Neuroblastoma Stages Exhibit Differing Levels of the Medulla Scores.

Neuroblastoma is well known for heterogeneity between clinical subtypes. Comparison of the genes to the cancer entities of the TARGET RNA-seq dataset confirmed the similarity of the medulla group and neuroblast cluster gene program to neuroblastoma. However, the samples included in the TARGET dataset were classified as stage 3, 4, and 4S, with an overrepresentation of stage 4 (84% of the total samples). A more suitable dataset to investigate the difference in the transcriptome of neuroblastoma stages when compared to the medulla group and clusters was generated by the SEQC Consortium (44). The SEQC dataset lacks expression data from other cancer entities but does include all neuroblastoma stages. By using this dataset, any association of the medulla group and cluster gene programs with disease phenotype was assessed.

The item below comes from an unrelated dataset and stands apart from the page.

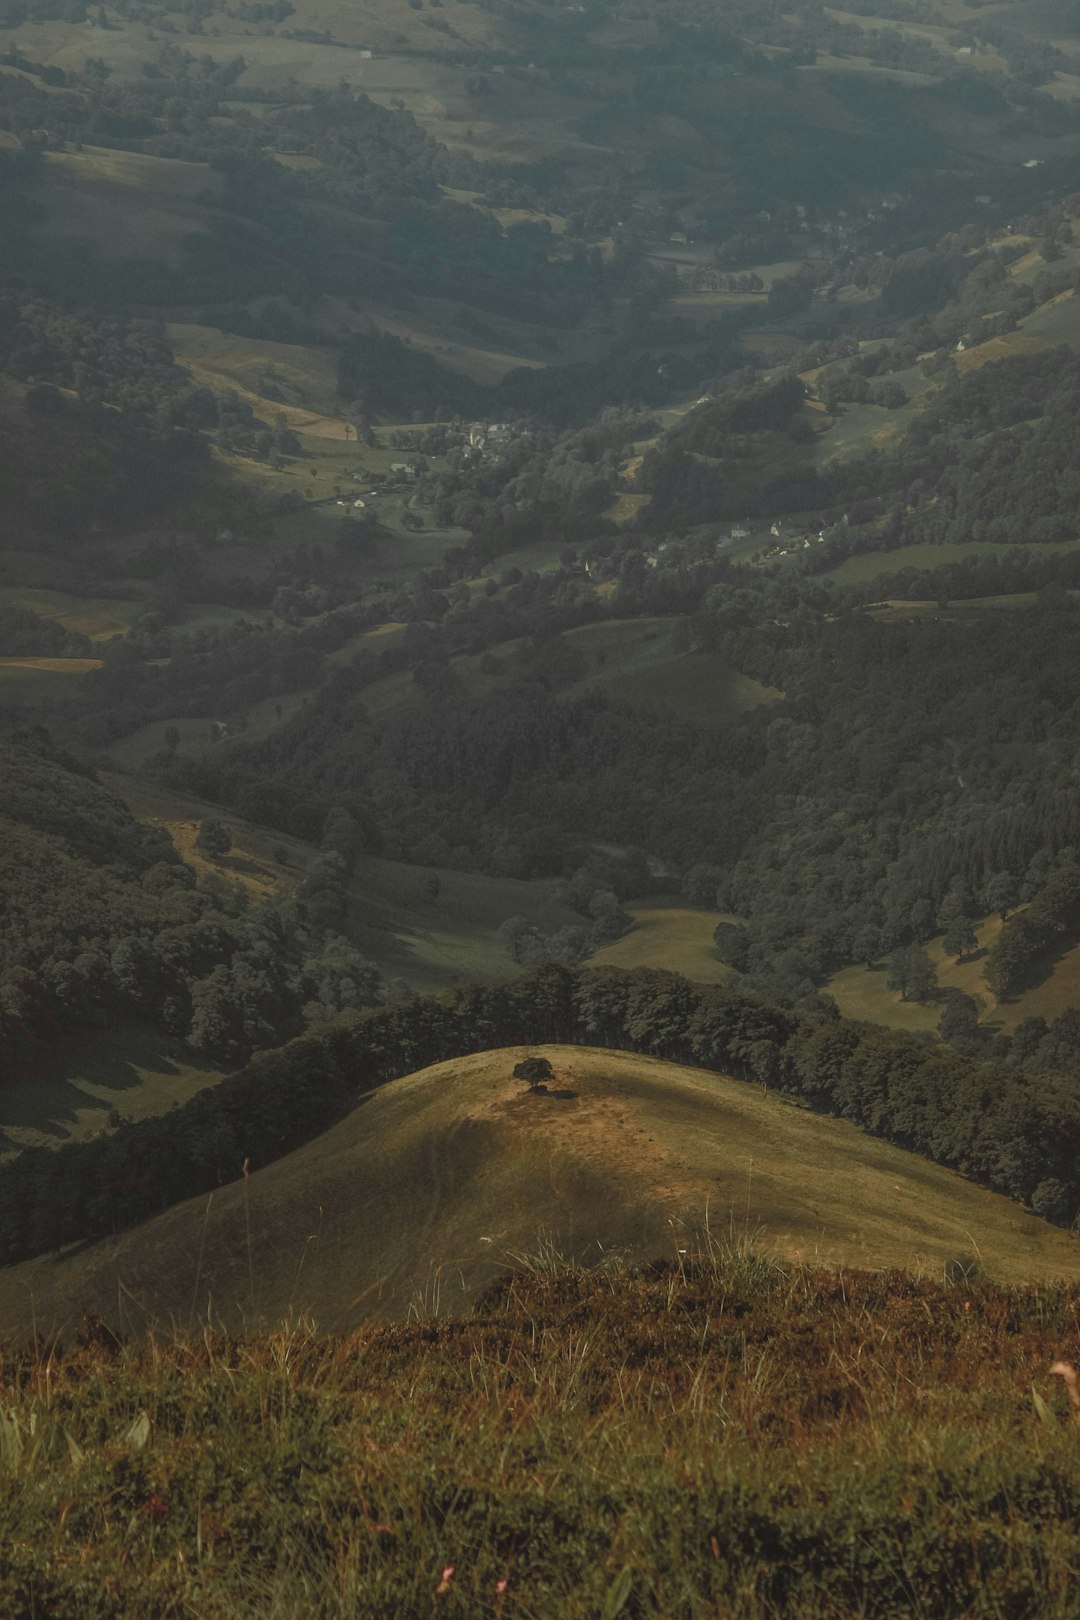 Hill photo spot Parc naturel régional des Volcans d'Auvergne Puy-de-Dôme

The SCP score was higher in the samples lacking a MYCN amplification a confirmation of the finding of the TARGET dataset (Fig. 3C). This trend was observed in the medulla group and cluster scores as well (SI Appendix, Fig. S6B). This was an indication that carrying a MYCN amplification or having high MYCN expression, both markers of bad prognosis, changes the transcriptome further away from the medulla transcriptome. The samples with the highest SCP score were concentrated in stages 1 and 2, followed by stage 4S (Fig. 3D). The SCP signature showed the best separation between the stages. This was similar to the observation in the TARGET dataset and implied an association of the SCP signature to disease phenotype.

SCP Signature Can Be Associated with Disease Phenotype Severity.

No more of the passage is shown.